### DATA SECTION
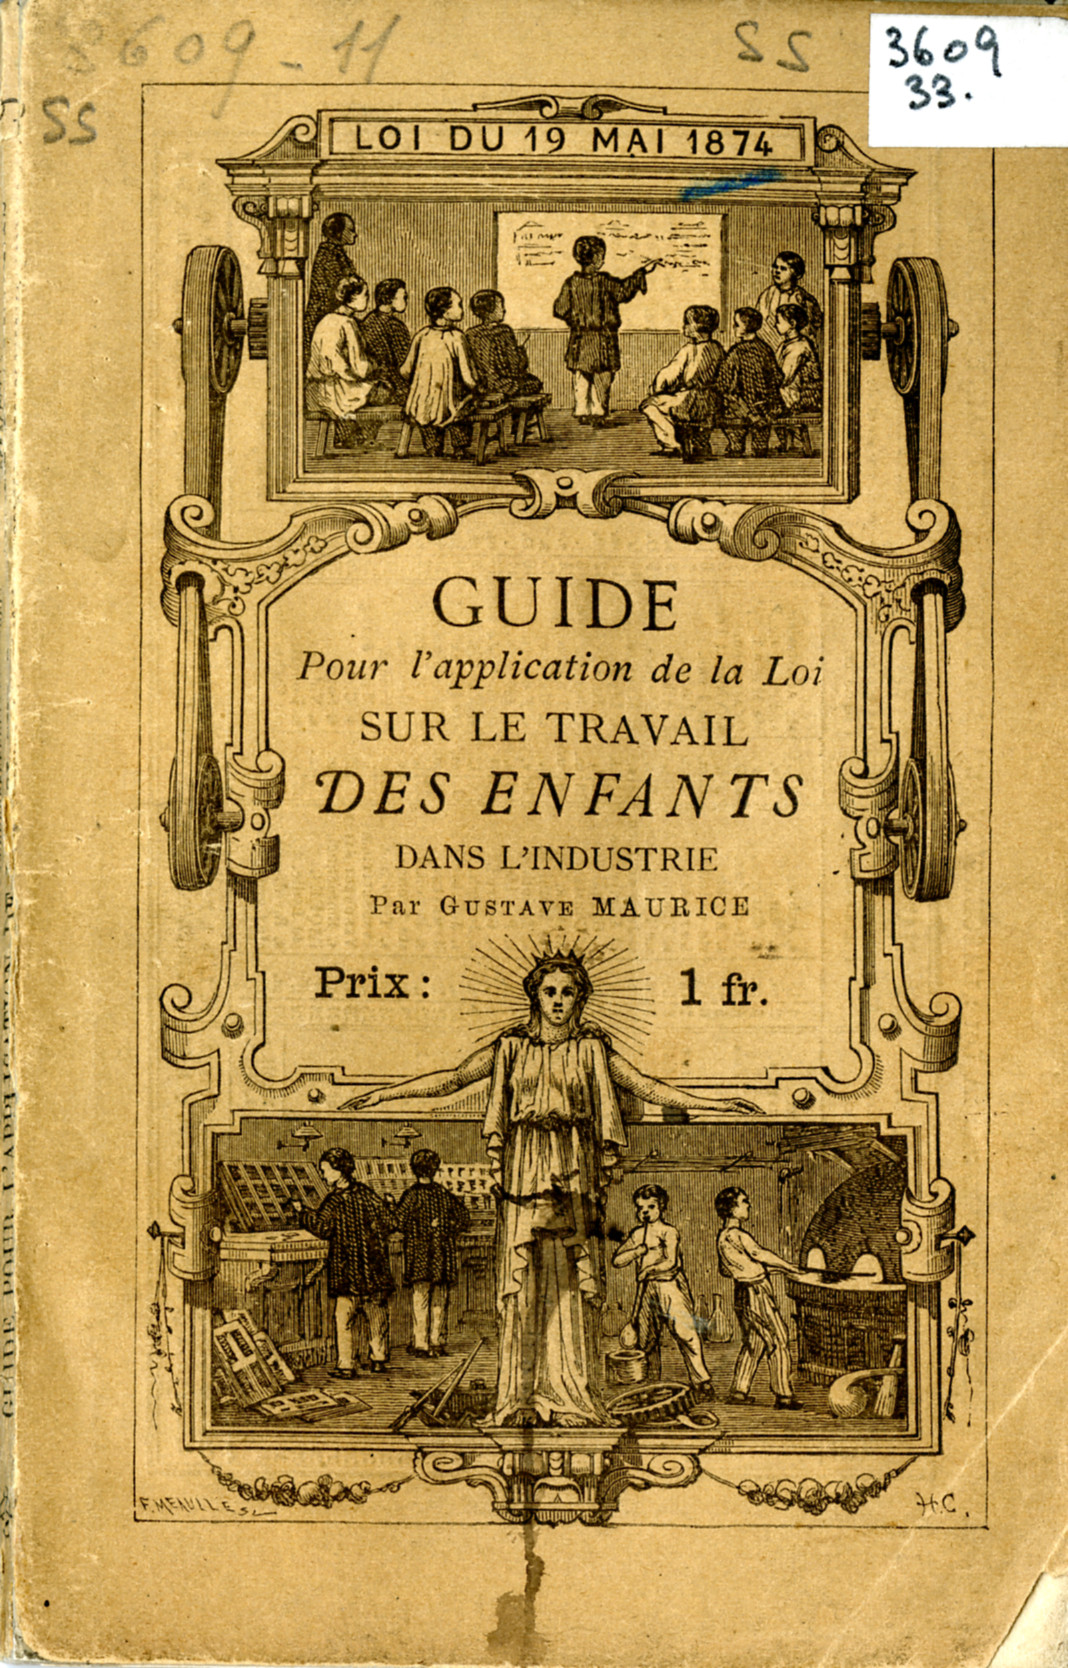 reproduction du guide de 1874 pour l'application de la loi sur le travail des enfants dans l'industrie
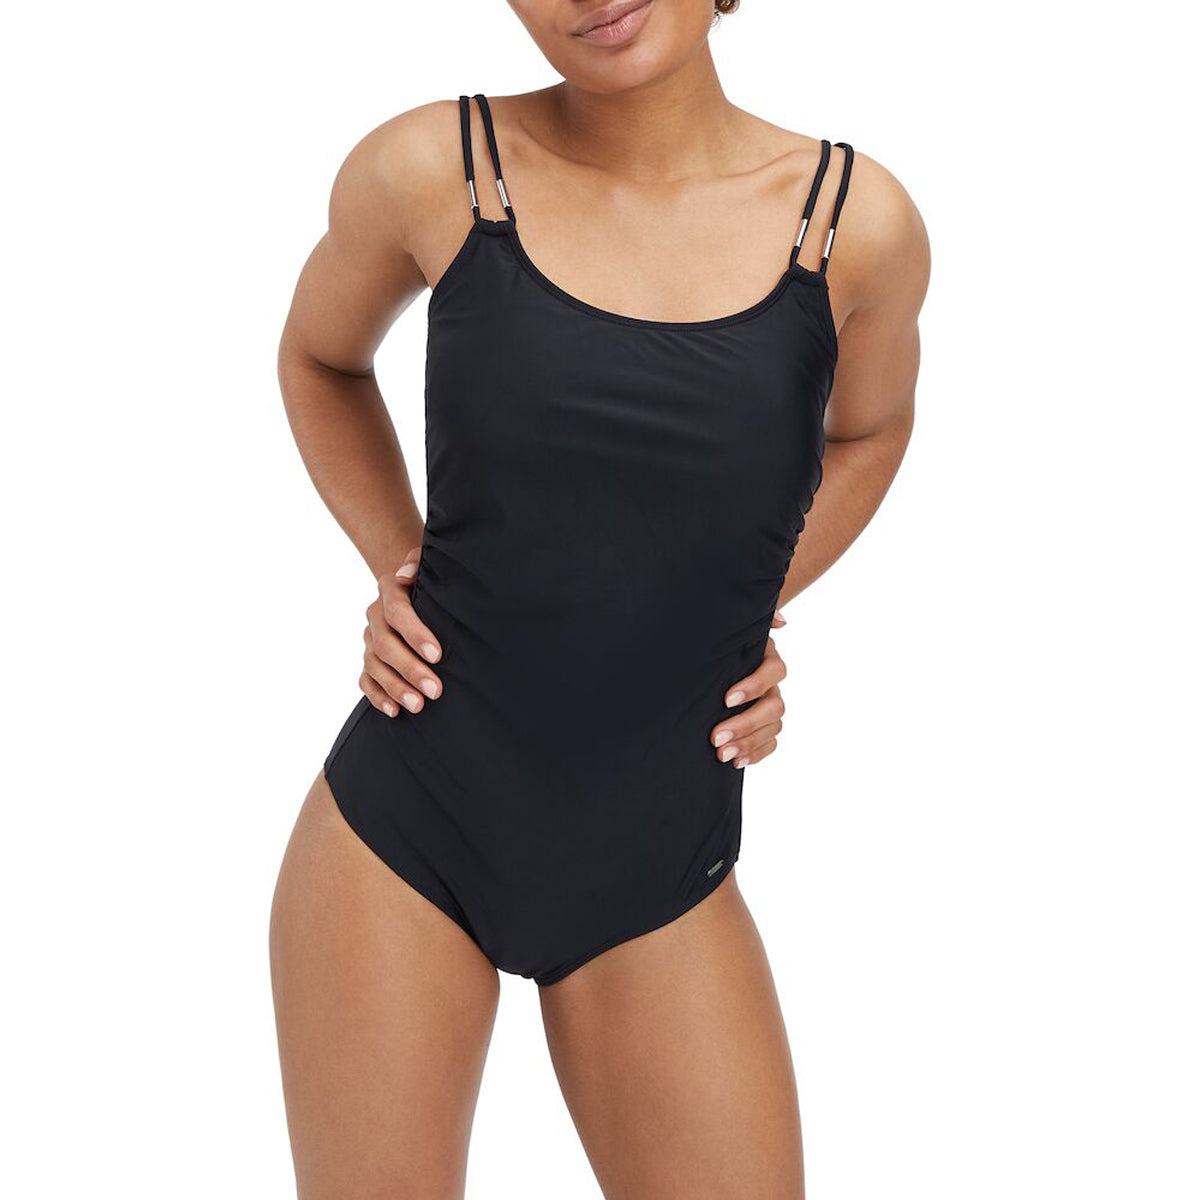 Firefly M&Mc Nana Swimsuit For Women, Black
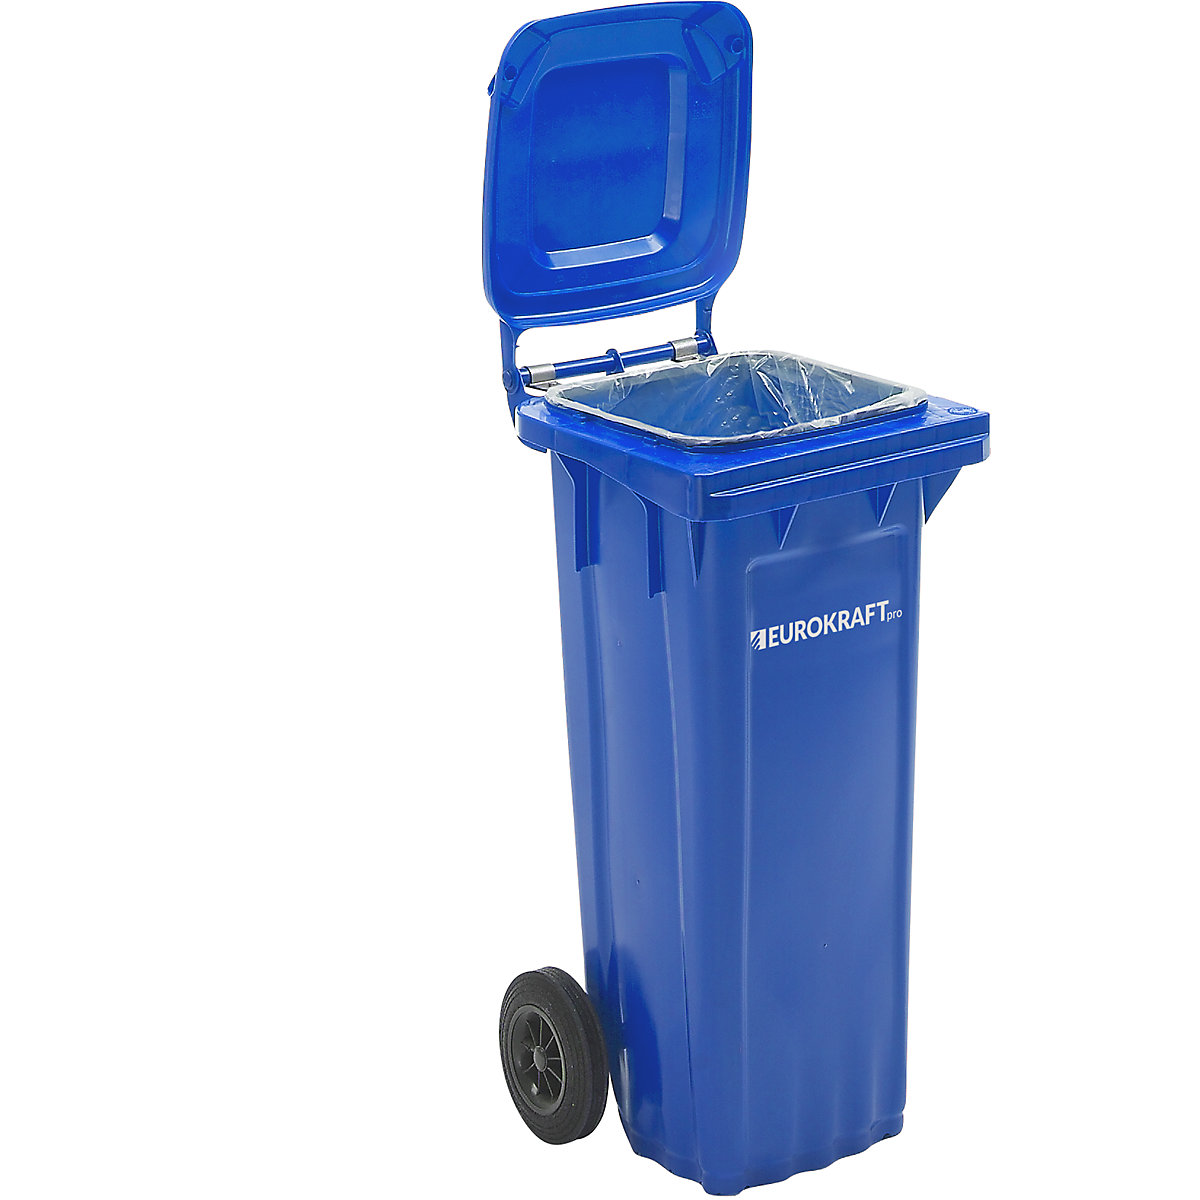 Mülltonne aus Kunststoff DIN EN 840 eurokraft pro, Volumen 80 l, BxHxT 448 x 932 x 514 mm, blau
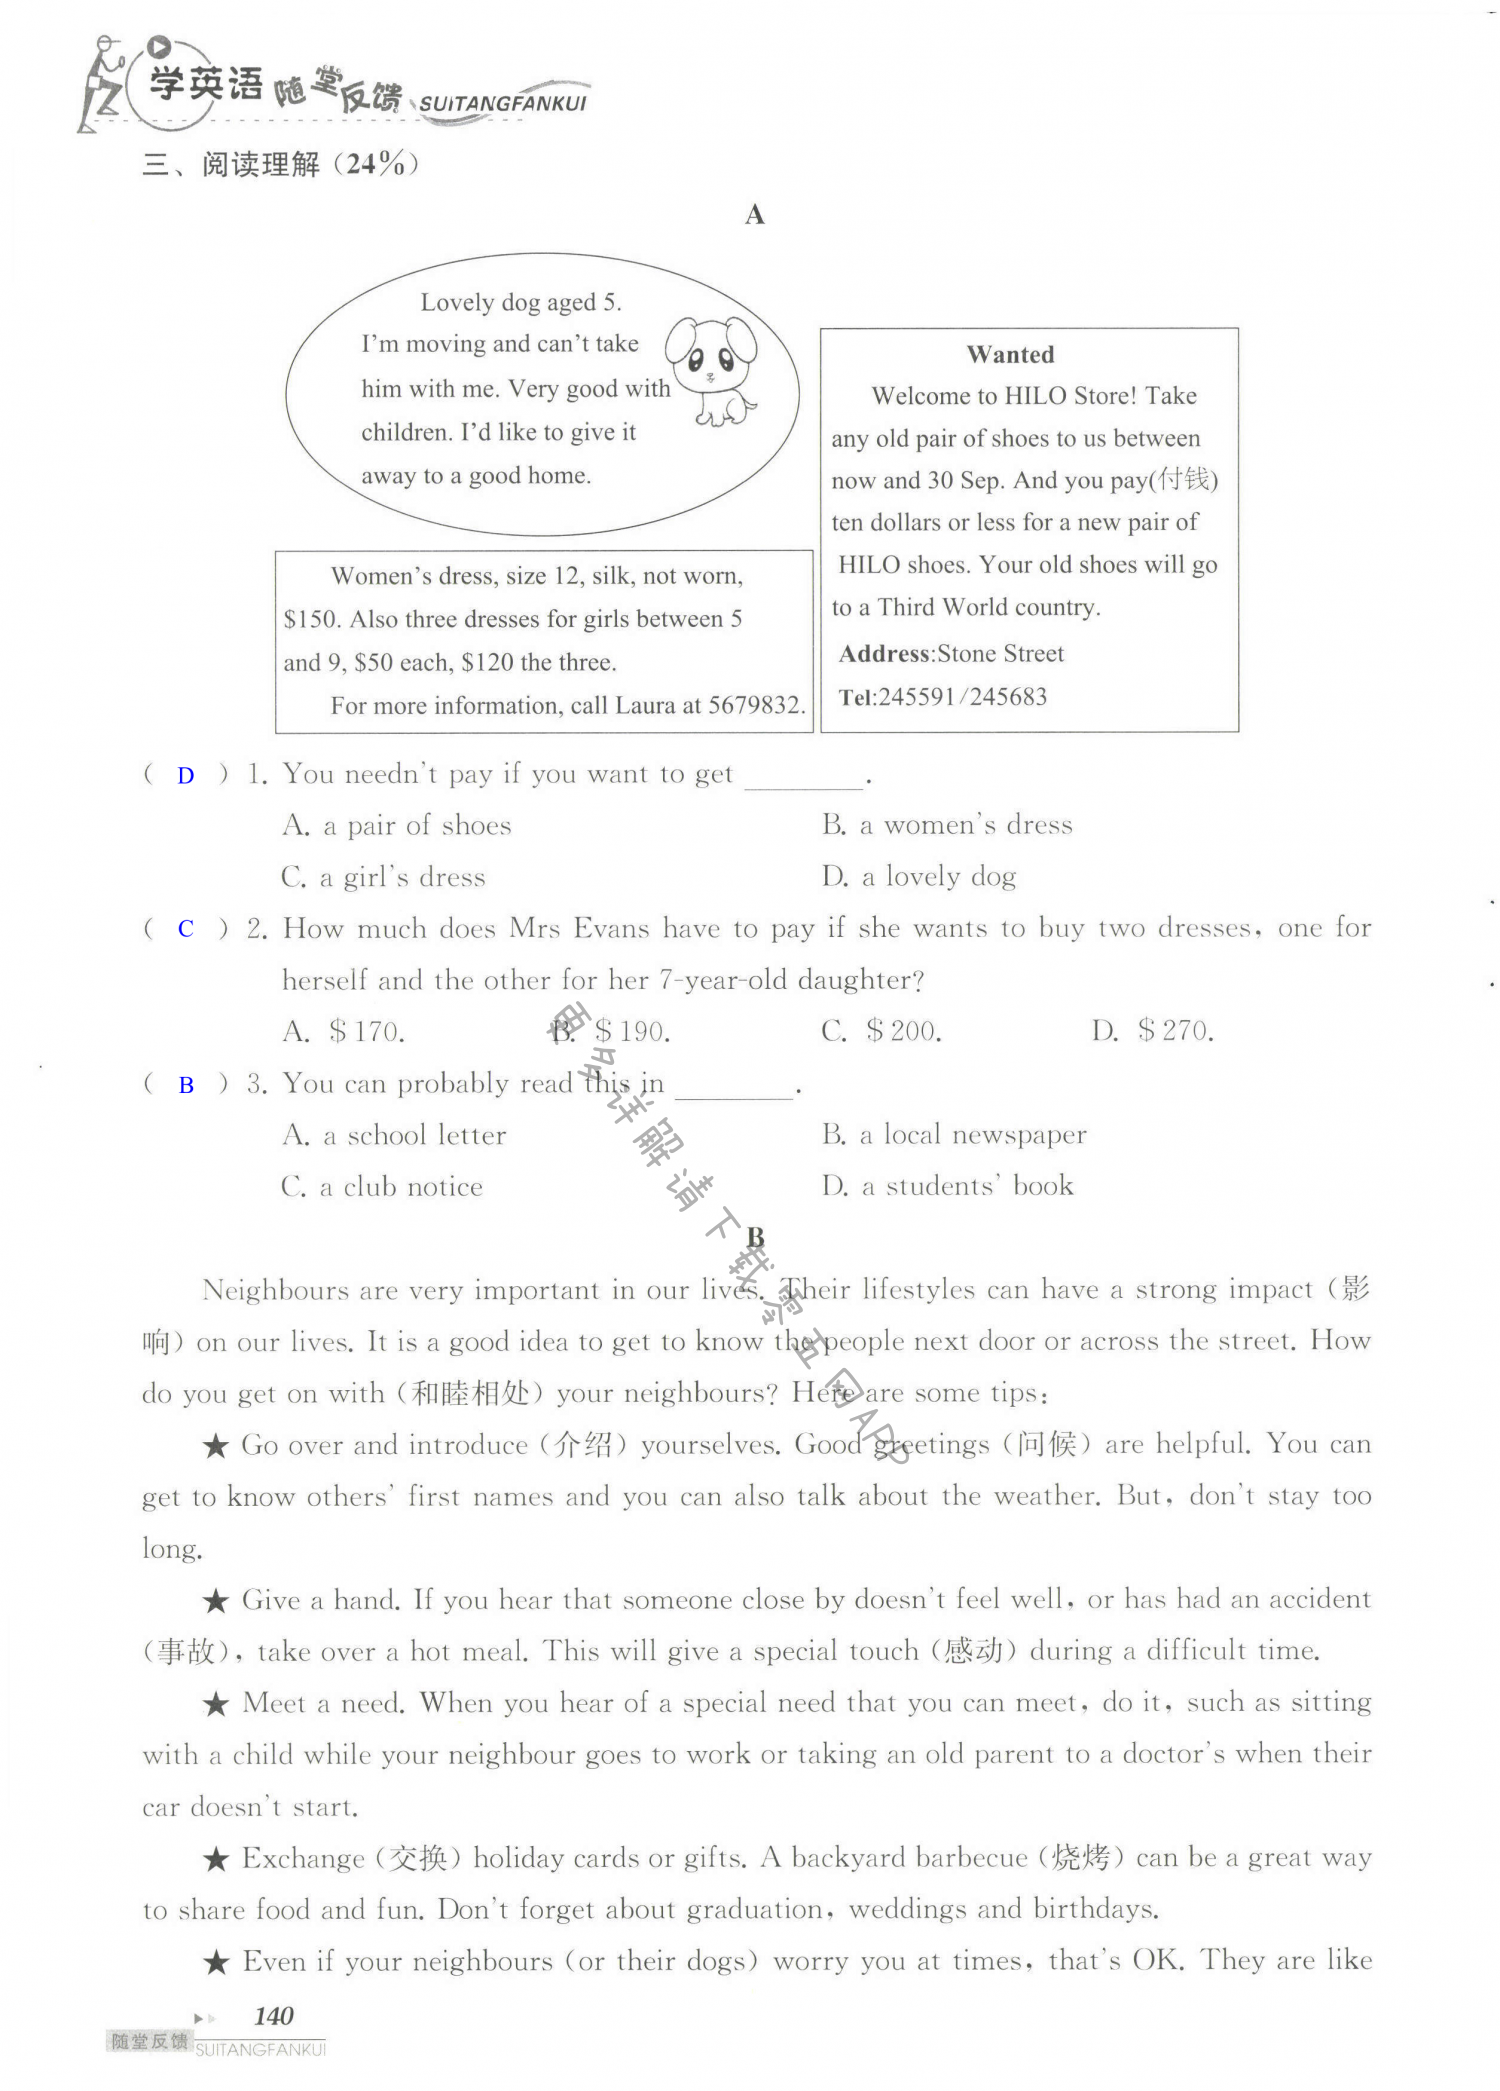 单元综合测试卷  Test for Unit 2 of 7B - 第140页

### TRY IT
For the material above, give every line again exactly and leave out the pictures.

### WRITTEN RESPONSE
 reproduction du guide de 1874 pour l'application de la loi sur le travail des enfants dans l'industrie
 Firefly M&Mc Nana Swimsuit For Women, Black
 Mülltonne aus Kunststoff DIN EN 840 eurokraft pro, Volumen 80 l, BxHxT 448 x 932 x 514 mm, blau
 单元综合测试卷  Test for Unit 2 of 7B - 第140页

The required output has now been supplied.